━━━ Source material ━━━
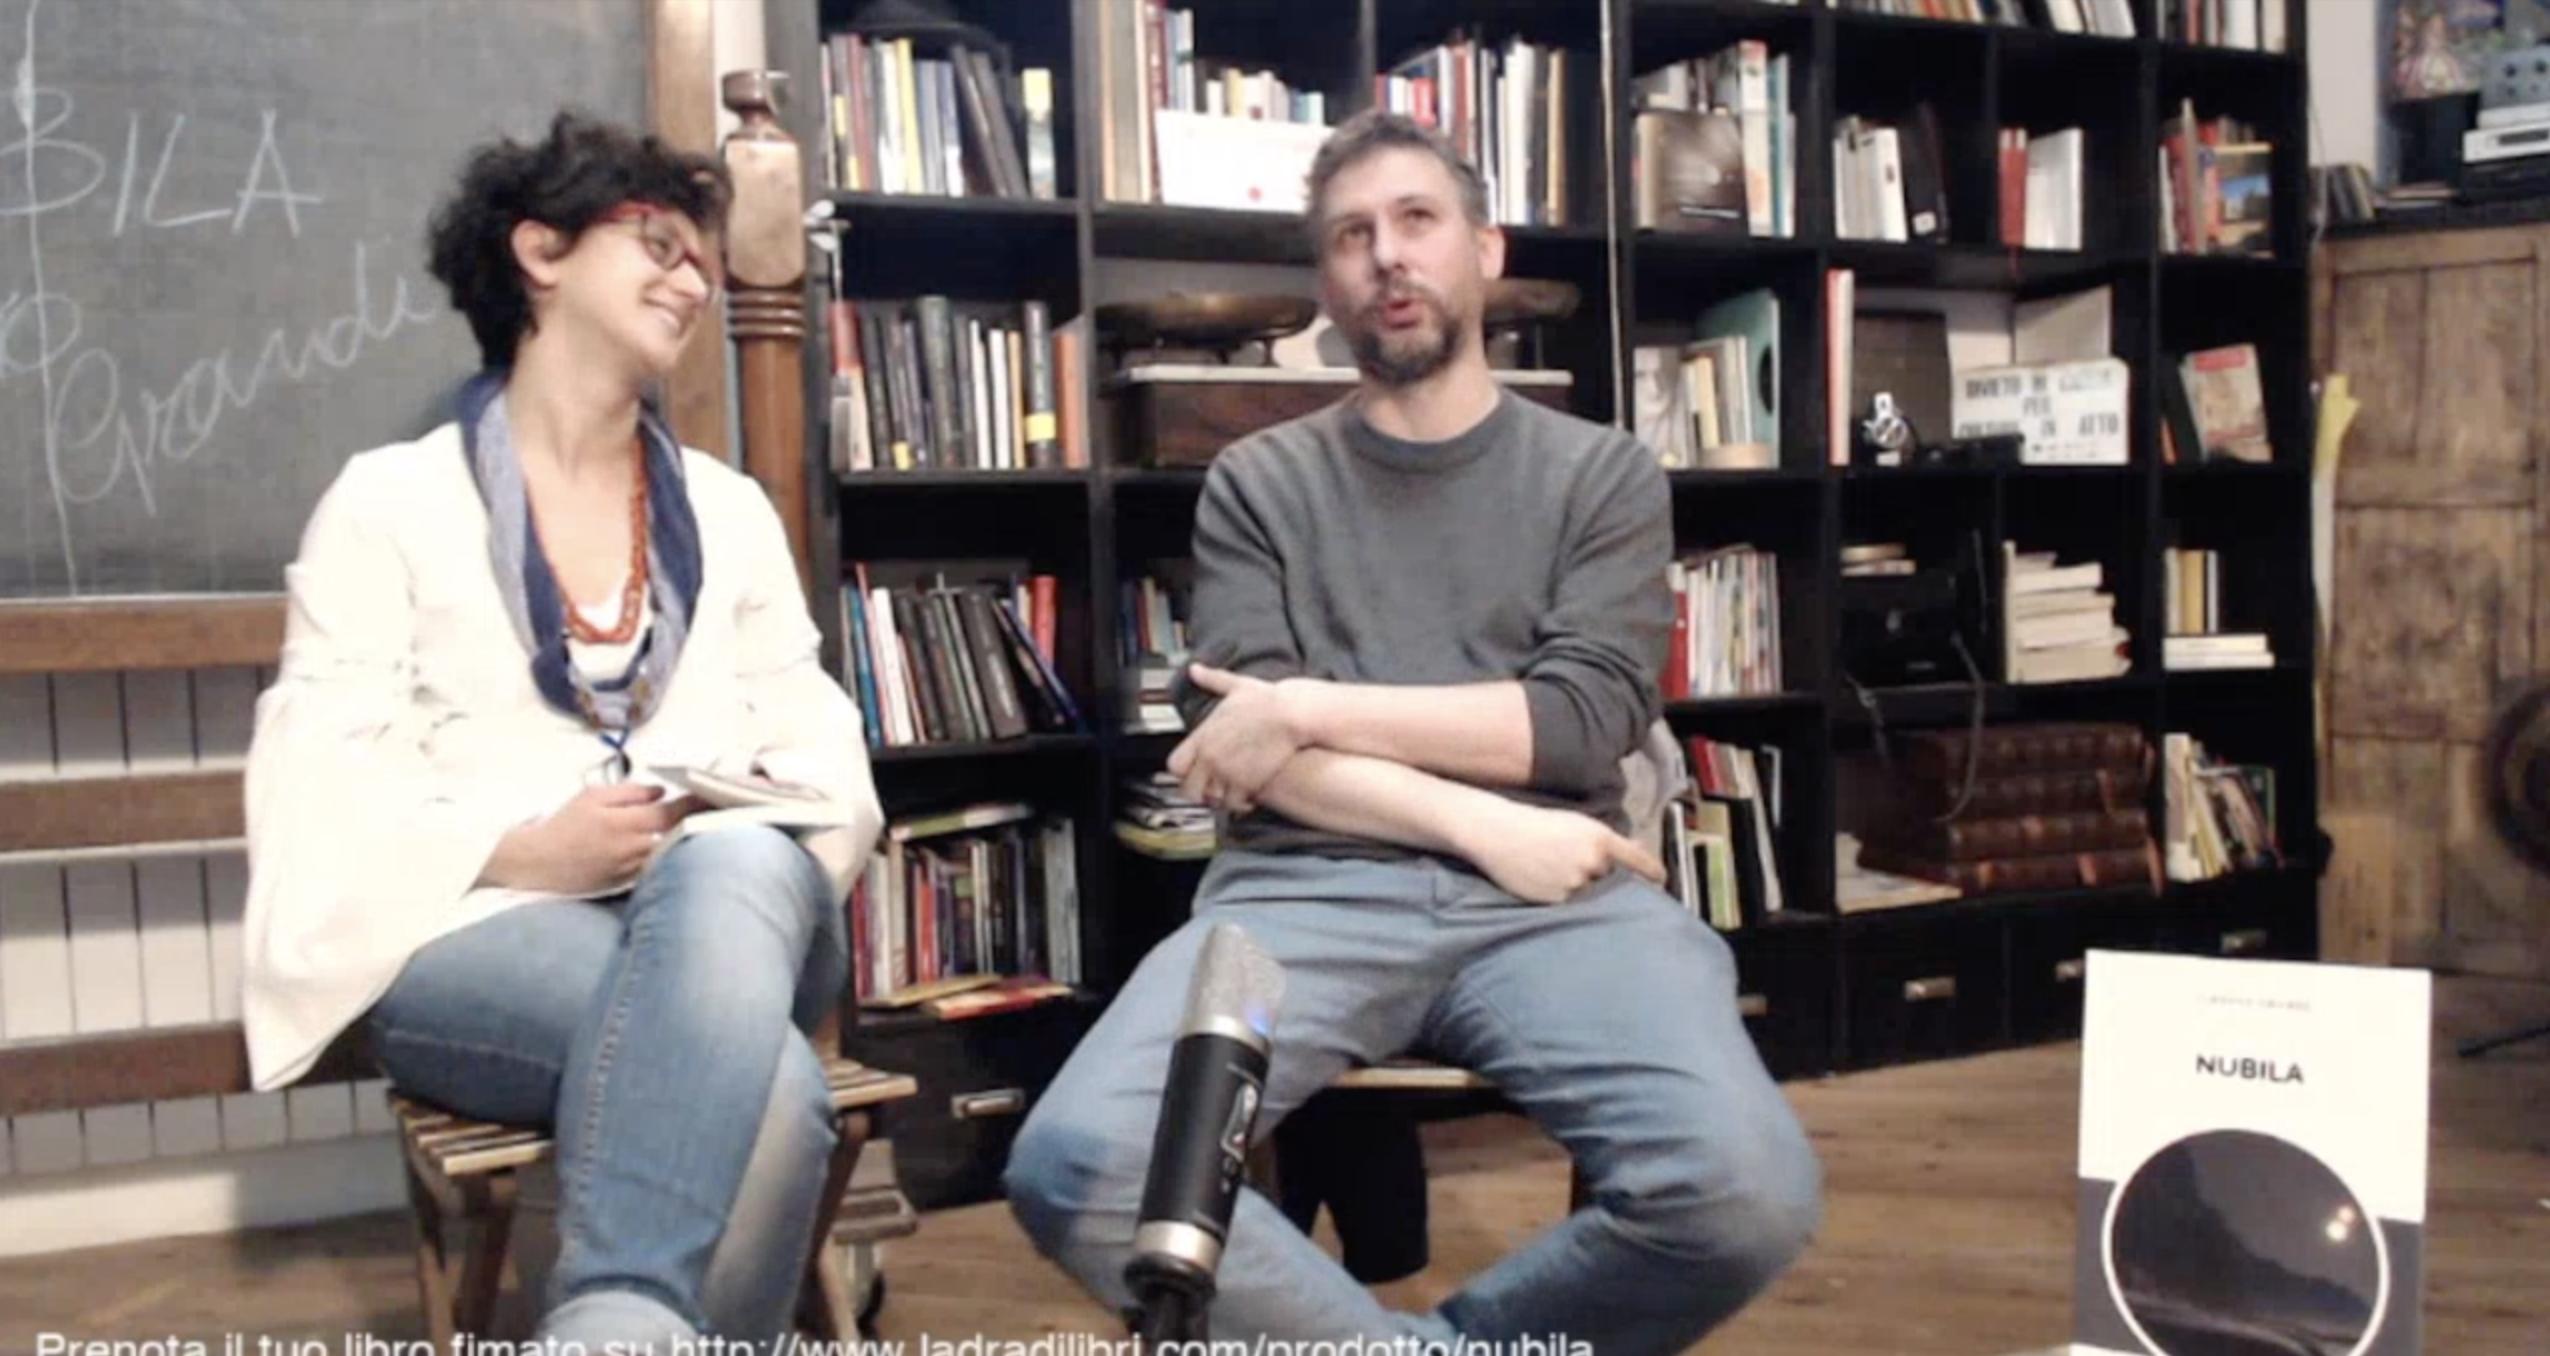 #LibriInDiretta con Nubila di Alberto Grandi
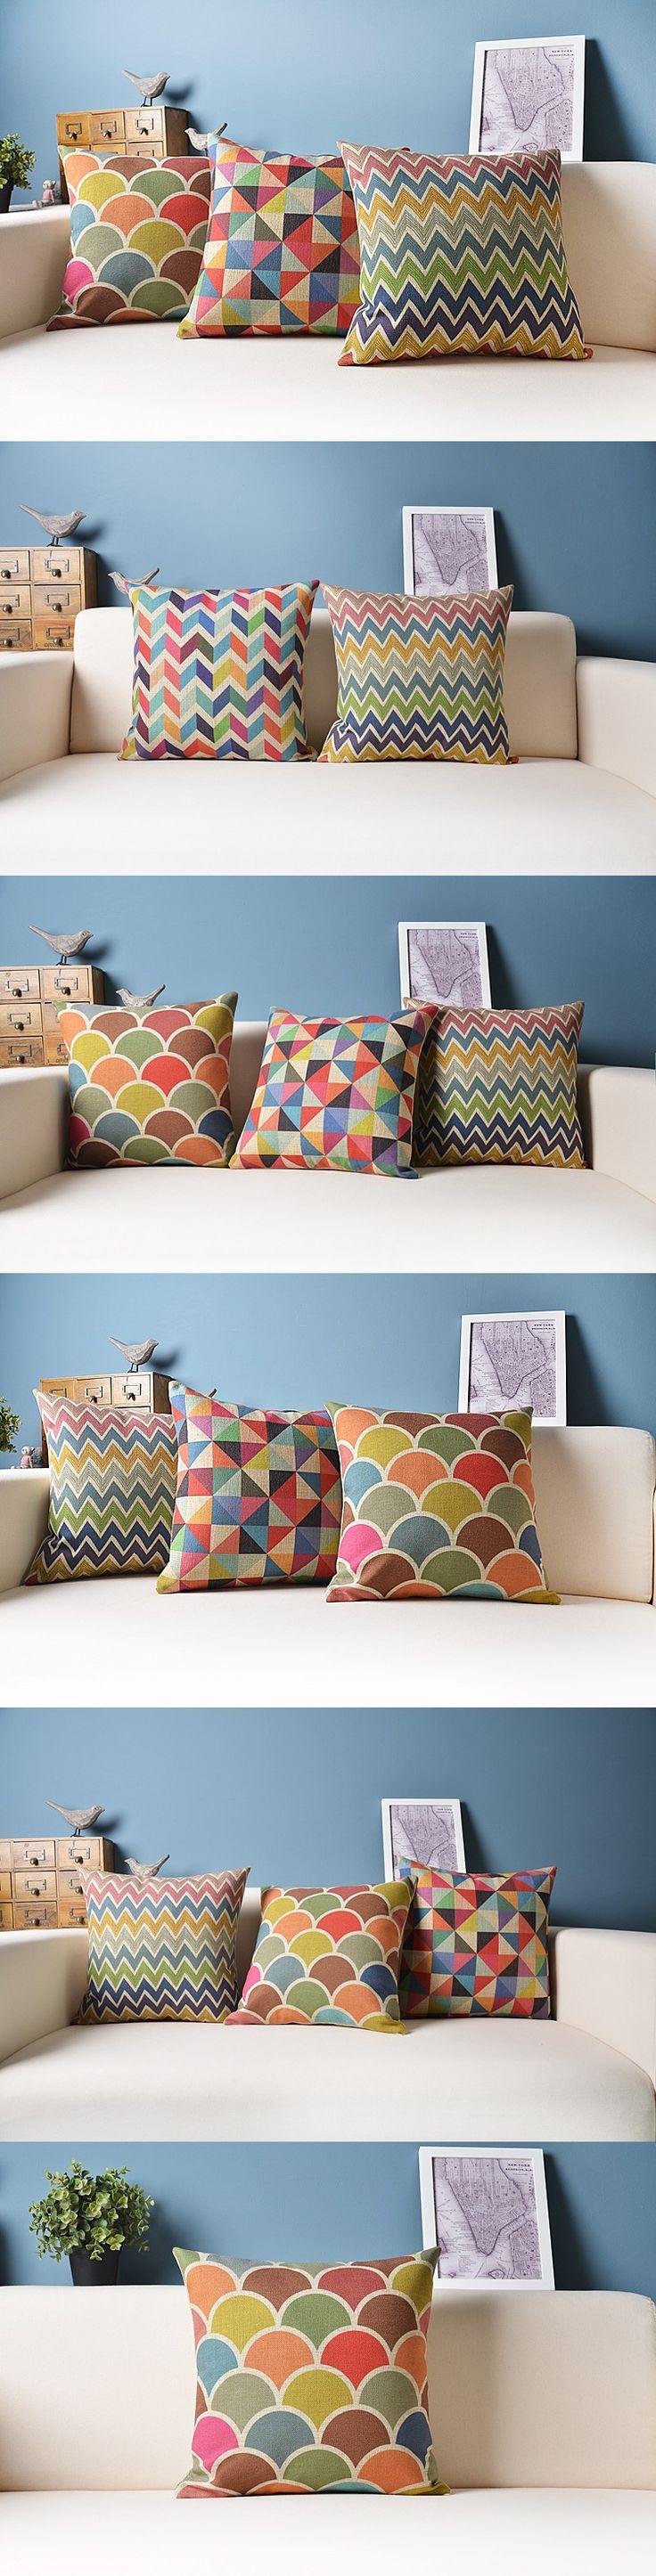 Best 25 Scandinavian pillow cases ideas on Pinterest
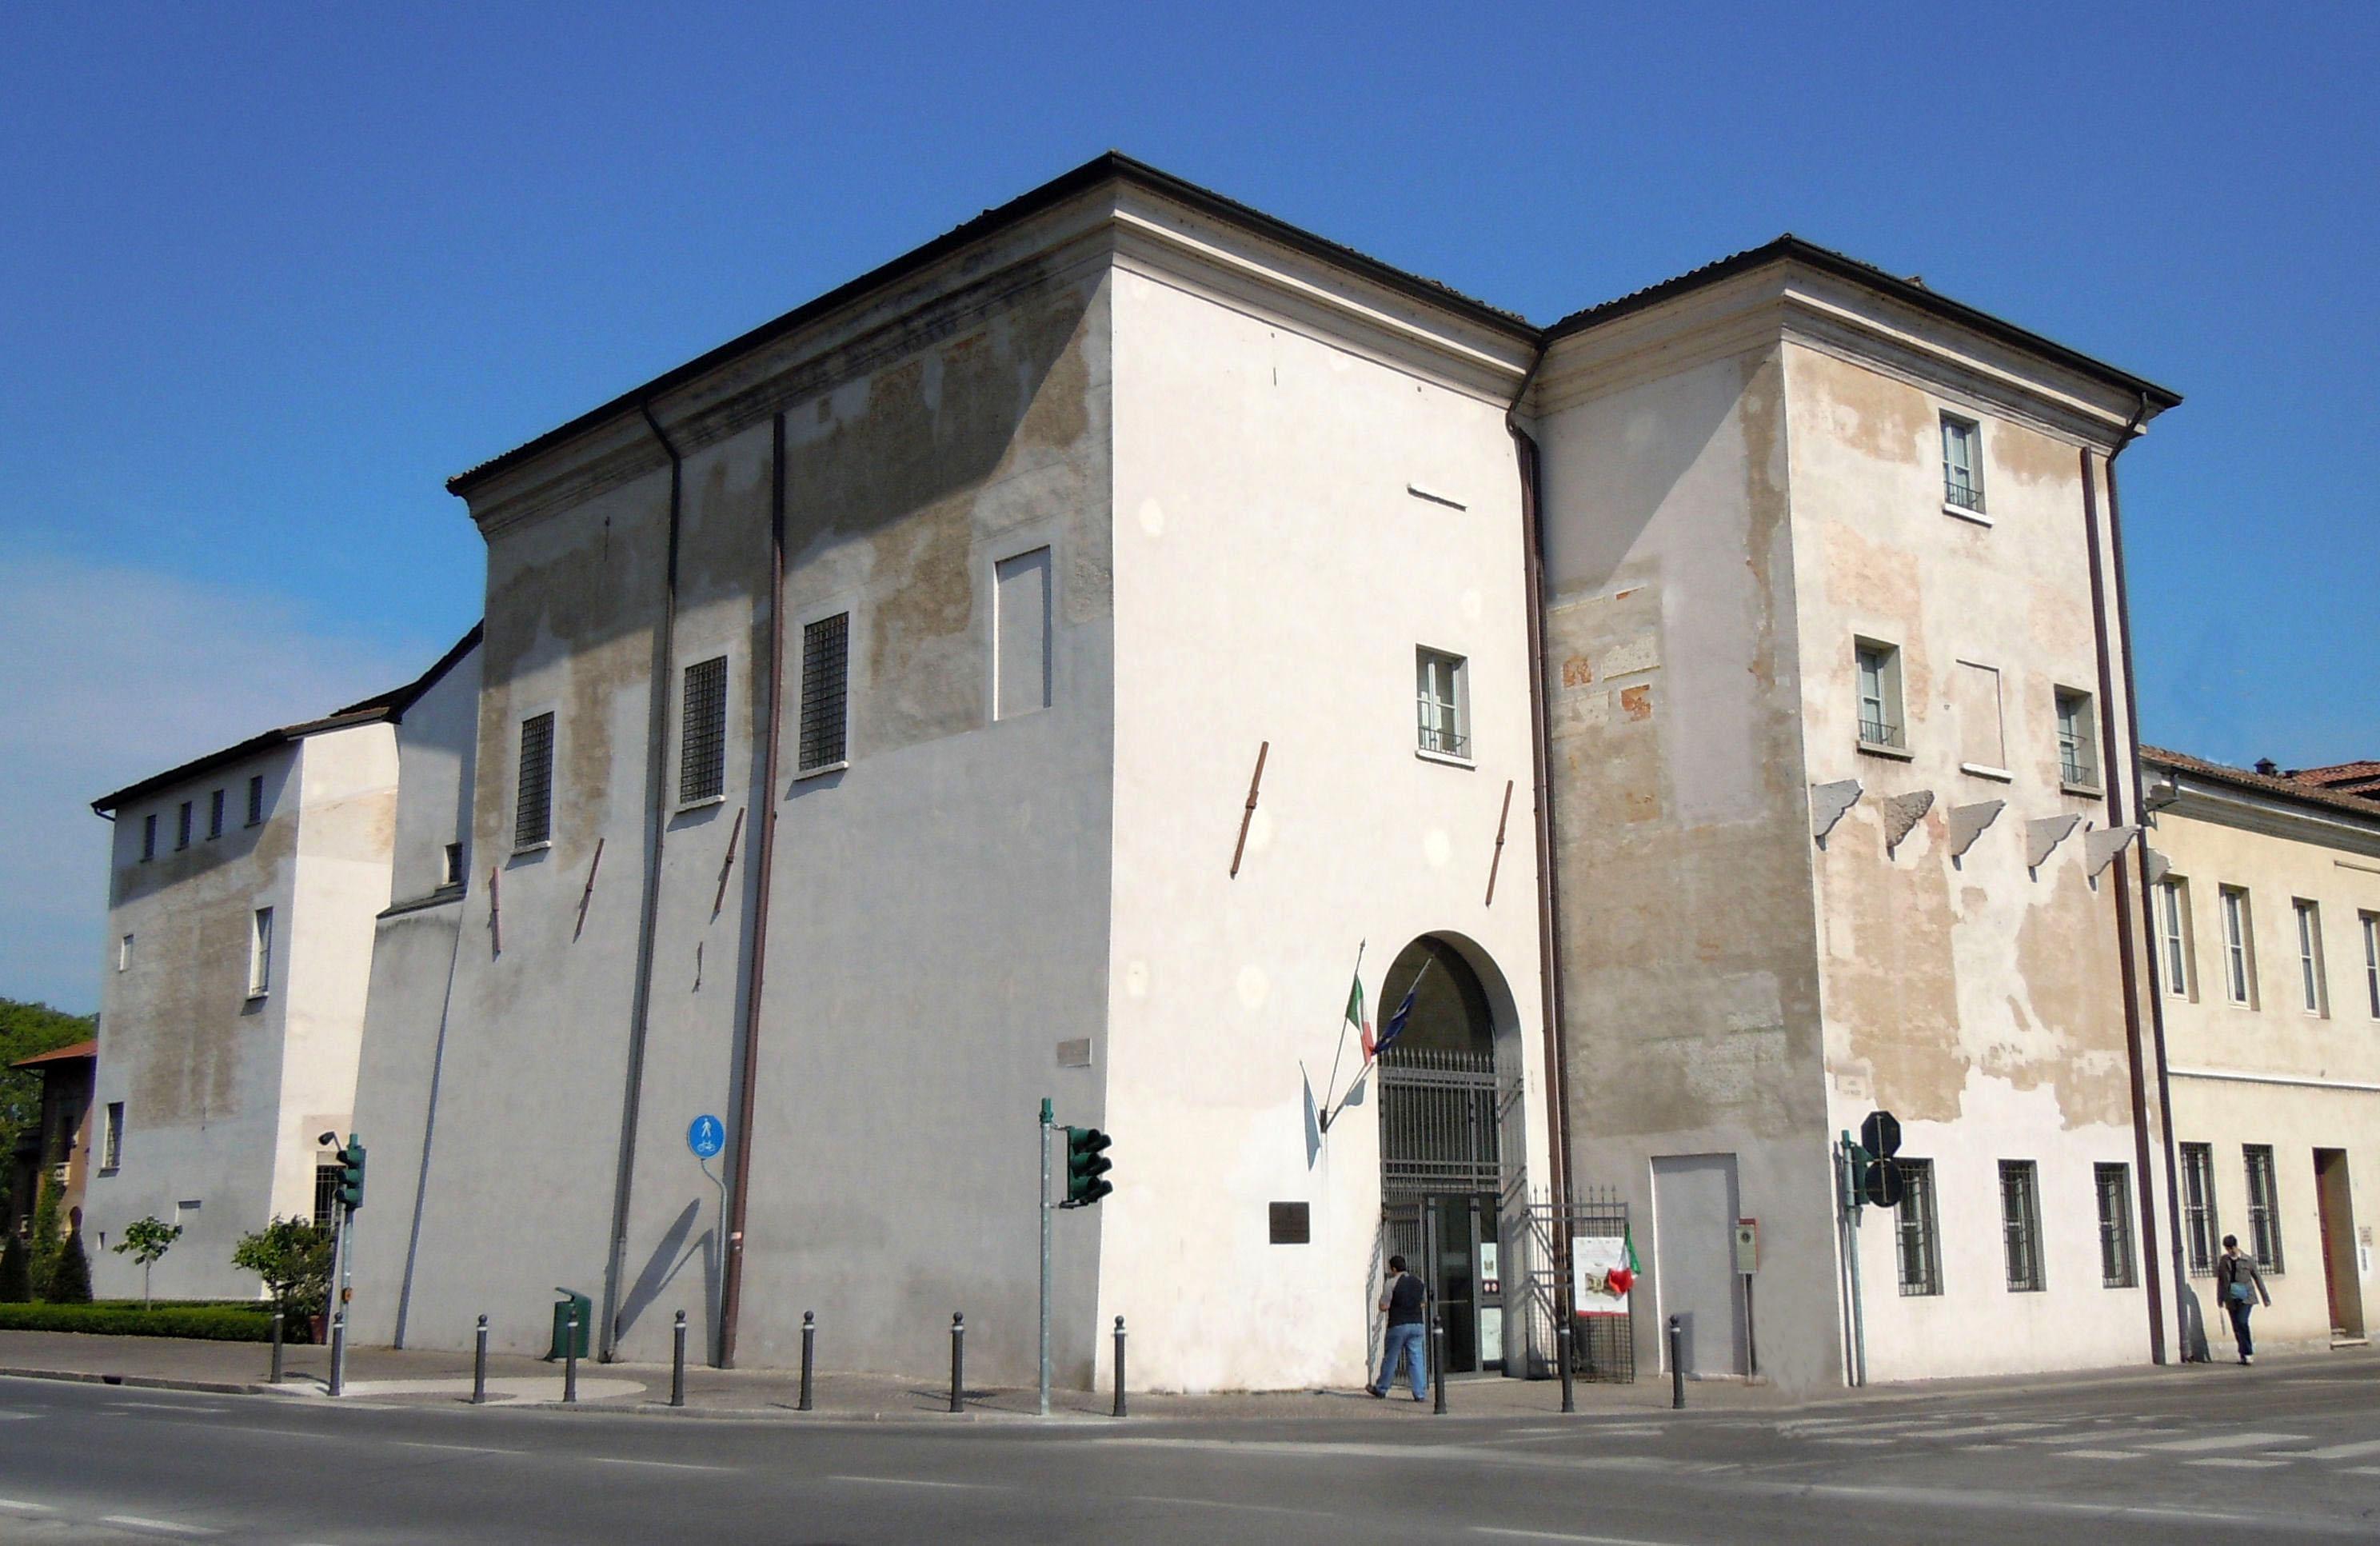 Museo della città di palazzo San Sebastiano - Wikipedia
━━━
**What you will do:**
What the answer needs is every line from the one with "Best 25 Scandinavian" through the last line of the data, reproduced word for word and with pictures omitted.

**Response box:**
 Best 25 Scandinavian pillow cases ideas on Pinterest
 Museo della città di palazzo San Sebastiano - Wikipedia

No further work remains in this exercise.